The main finding of the study was that the socioeconomic patterning of smoking, based on level of education and expressed as the relative contribution to the total burden of smoking exposure, was rather different in Sweden and Denmark. Moreover, these differences were modified by gender and age. As a general pattern, socioeconomic differences in Sweden tended to contribute more to the total burden of this habit among women, especially in the younger age groups. In men, the patterns were much more similar between the two countries.
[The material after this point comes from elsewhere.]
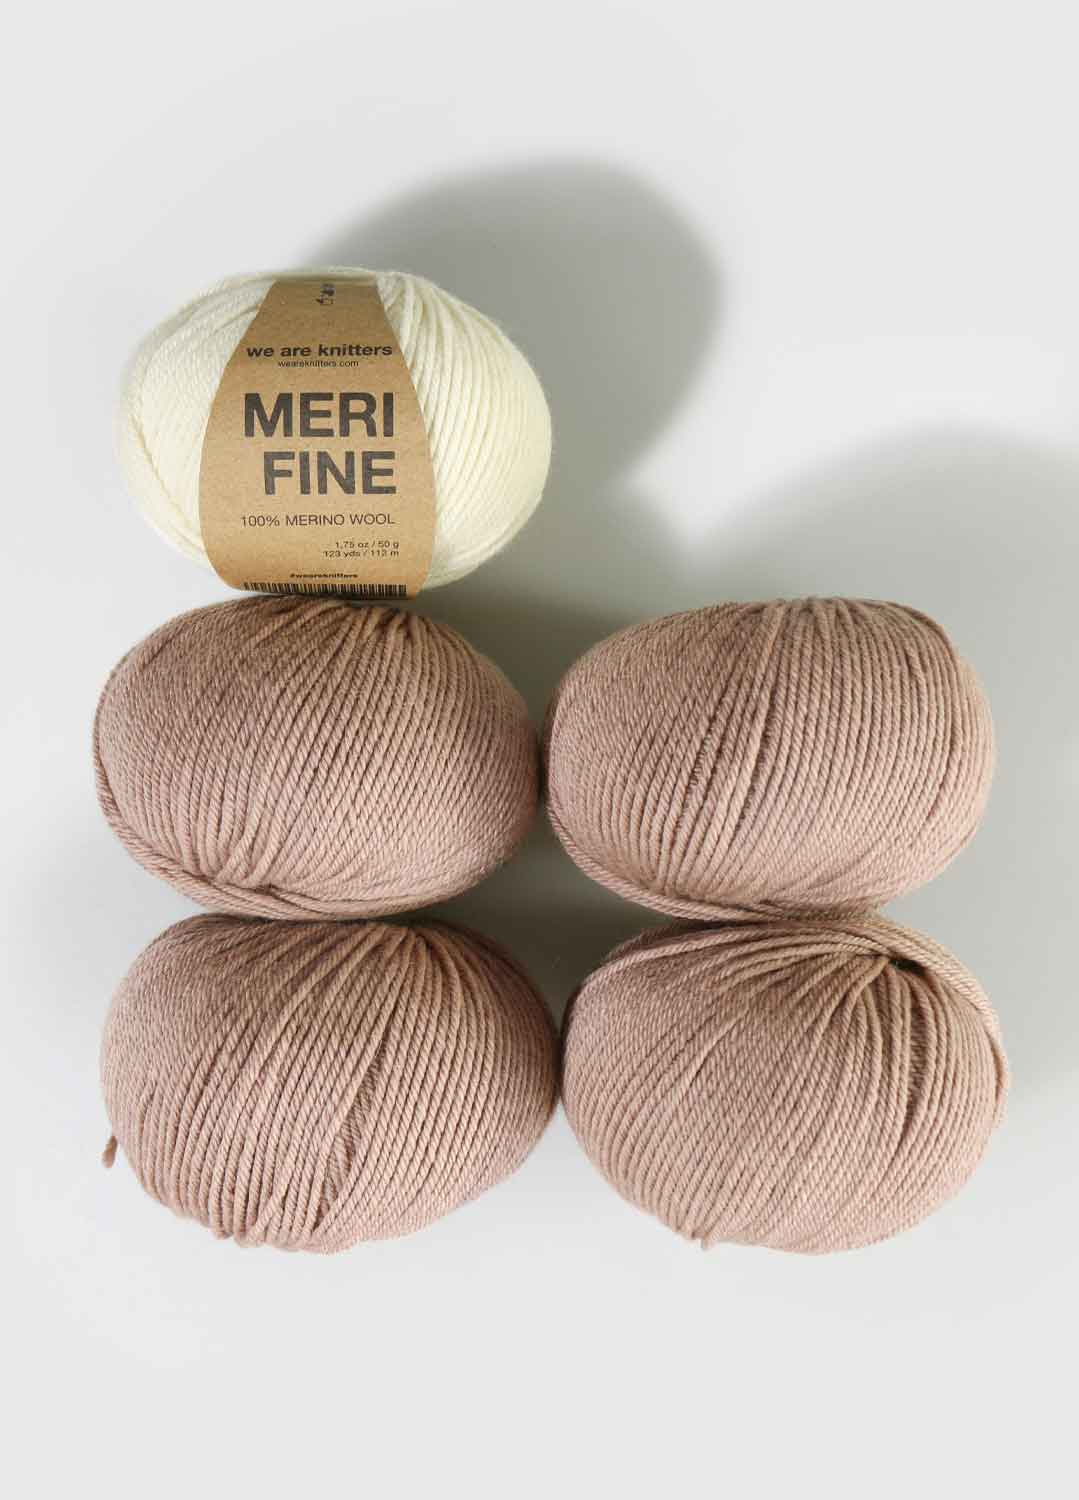 5 Pack of Merifine Yarn Balls

Regarding continued smoking/unsuccessful quitting, the patterns were similar for women, but somewhat different for men. Here we found that socioeconomic differences contributed more to overall continued smoking in Danish men, especially in the middle-age and older age strata.

Conclusion

The results imply that Swedish anti-smoking policy and/or implemented measures have been less effective in a health equity perspective among the younger generation of women, but more effective among men, compared to Danish policy implementation. The results also raises the more general issue regarding the possible need for a trade-off principle between overall population efficacy versus equity efficacy of anti-tobacco, as well as general public health policies and intervention strategies.